Please Empower Harassed Librarians and Library Workers As Well

Molly Raphael, welcome to your new post as ALA President. Your goal of “Empowering Voices” is laudable and I hope it succeeds. But I bring to your attention something no previous ALA President has addressed substantially, namely, harassed librarians and library employees, harassed by both library patrons and library management. Please empower such people as well. At a minimum, at least please acknowledge they exist.

Why is it, for example, that one such librarian on my FB page pointed out how she got no help whatsoever from any library association after her library management harassed her for attempting to intervene when a child was viewing porn in the Salinas Public Library?

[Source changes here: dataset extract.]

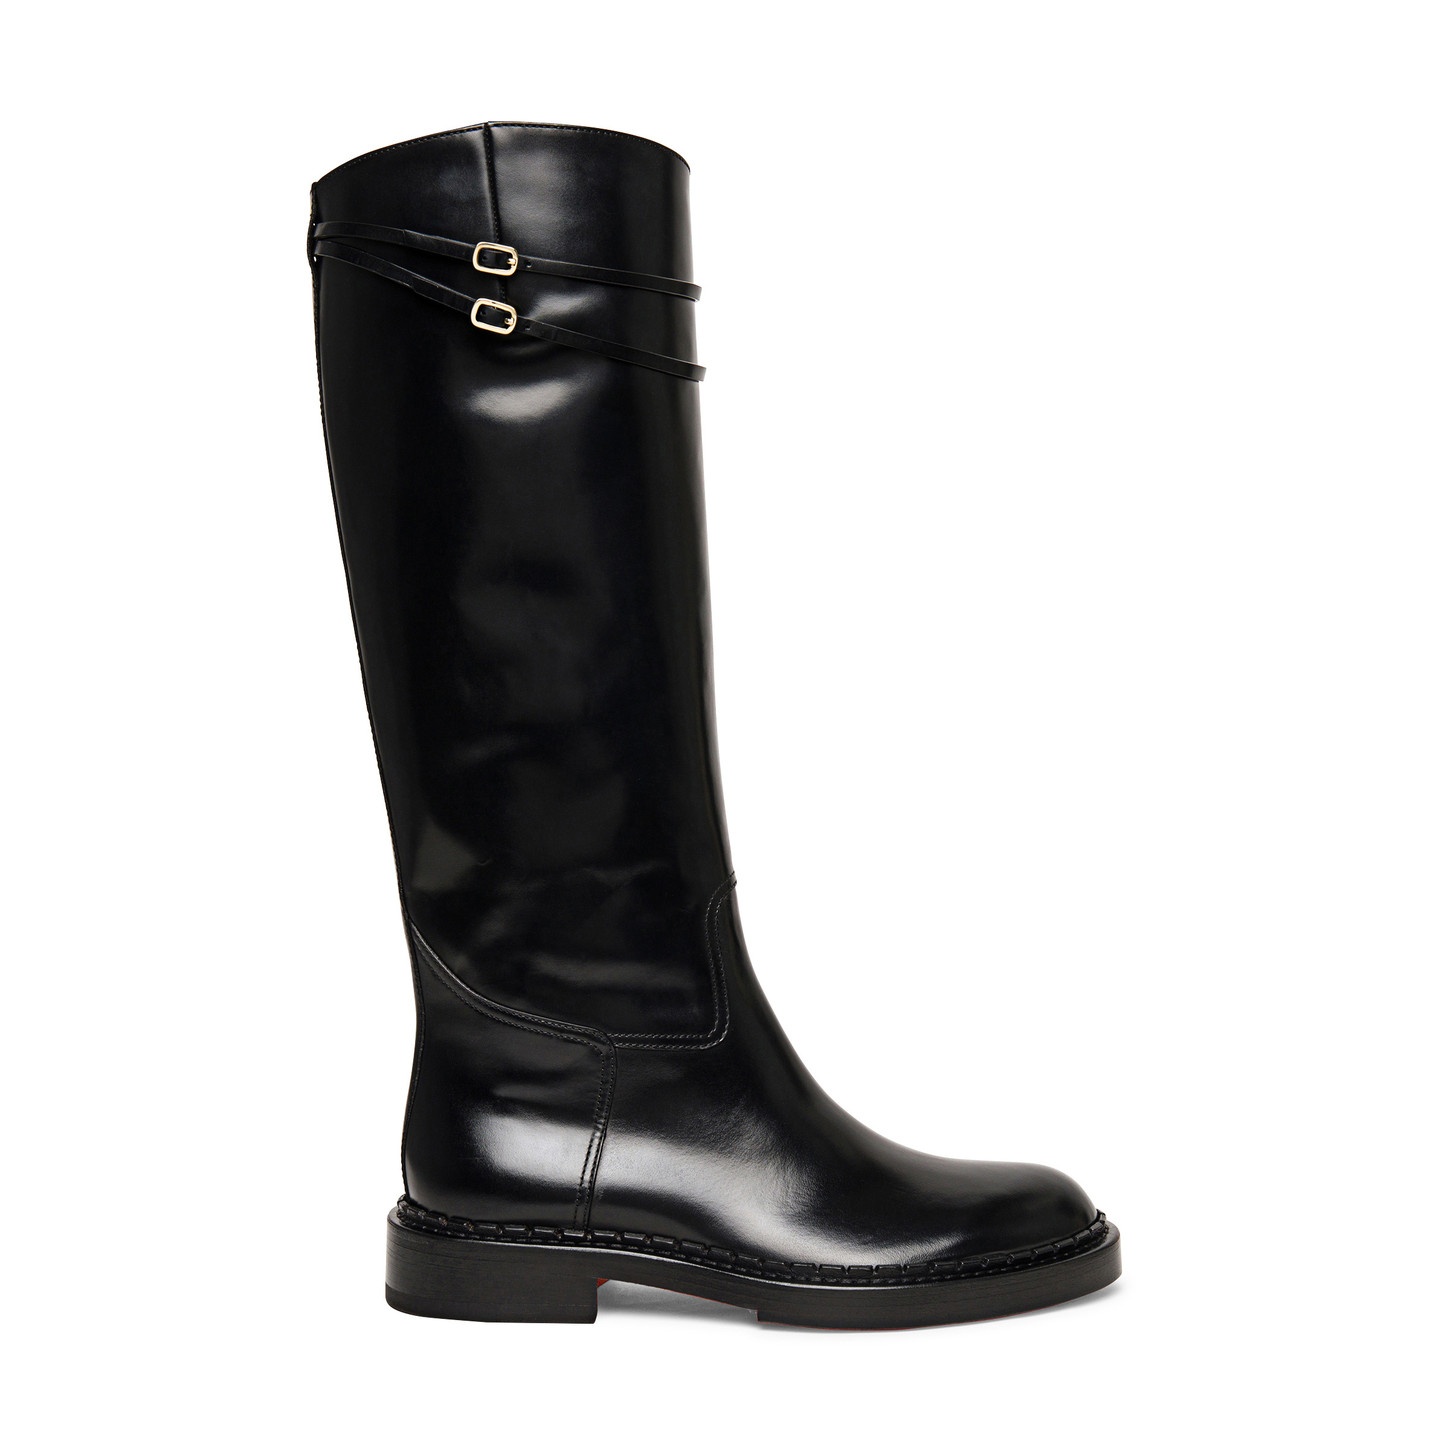 Women’s black leather boot - 1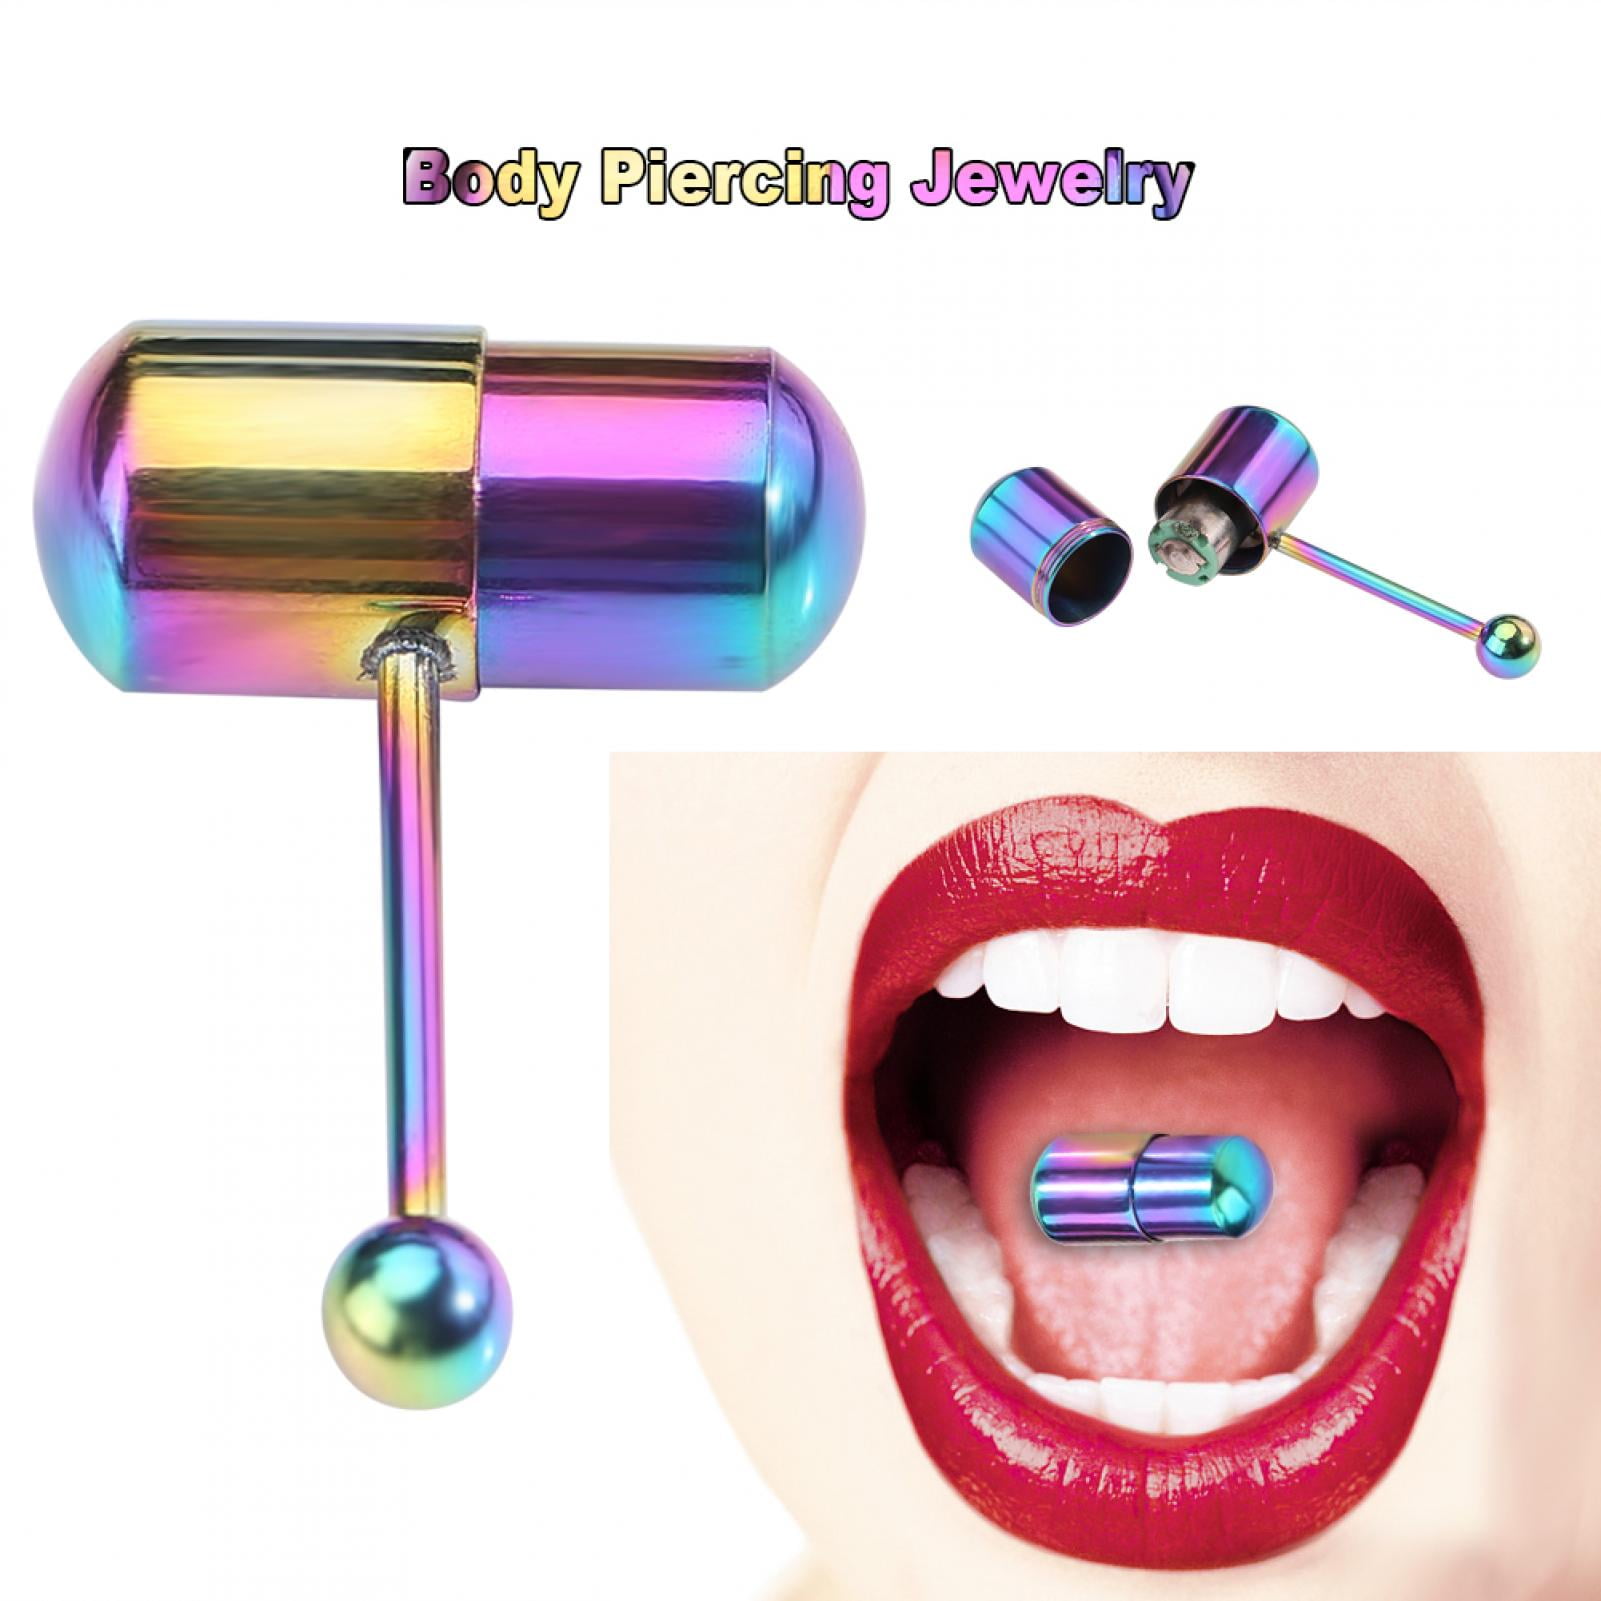 Vibrating Tongue/Belly Button Rings Stainless Steel Stud Body Piercing Jewellery

Sadly, I am the only national organization I can see supporting such librarians and library workers. Sad because I can do so little other than provide public notice, and the ALA could do so much. But it does not.

Please, Molly Raphael, please look into this issue. I know SafeLibraries can be a thorn in the ALA’s side, but please consider seriously helping such people. As a side benefit, I’ll not have at least that issue to publicize further.

Here’s what I wrote about it, and there’s even a video of me discussing it, and it is not flattering for the ALA. Note, for example, at the end of the question and answer section in the video how I really support such people the ALA does not support:

Thank you for your consideration of this matter, not for my sake, but for the sake of those librarians and library workers who get no help from the ALA.

Nyack, NY, Librarians Are Latest Victims - Molly Raphae, Help!

Molly Raphael, please help! Another library, more librarian victims! This time in Nyack, NY!

Example:

Danish spoke emotionally yet eloquently about the verbal abuse and physical intimidation he claimed drove his wife, who worked at the NPL, to quit. He alleged that a patron called his wife a “f—ing bitch” and described another physically menacing an employee at the checkout desk. He alleged that Library Director James Mahoney walked past while the latter incident was in progress, apparently ignoring it. He asserted that when he confronted Mahoney about his seeming unconcern, Mahoney told him, in so many words, that there was nothing that could be done.

Molly Raphael, will you be the first leader to get the ALA to help in such situations? Please, do not remain silent.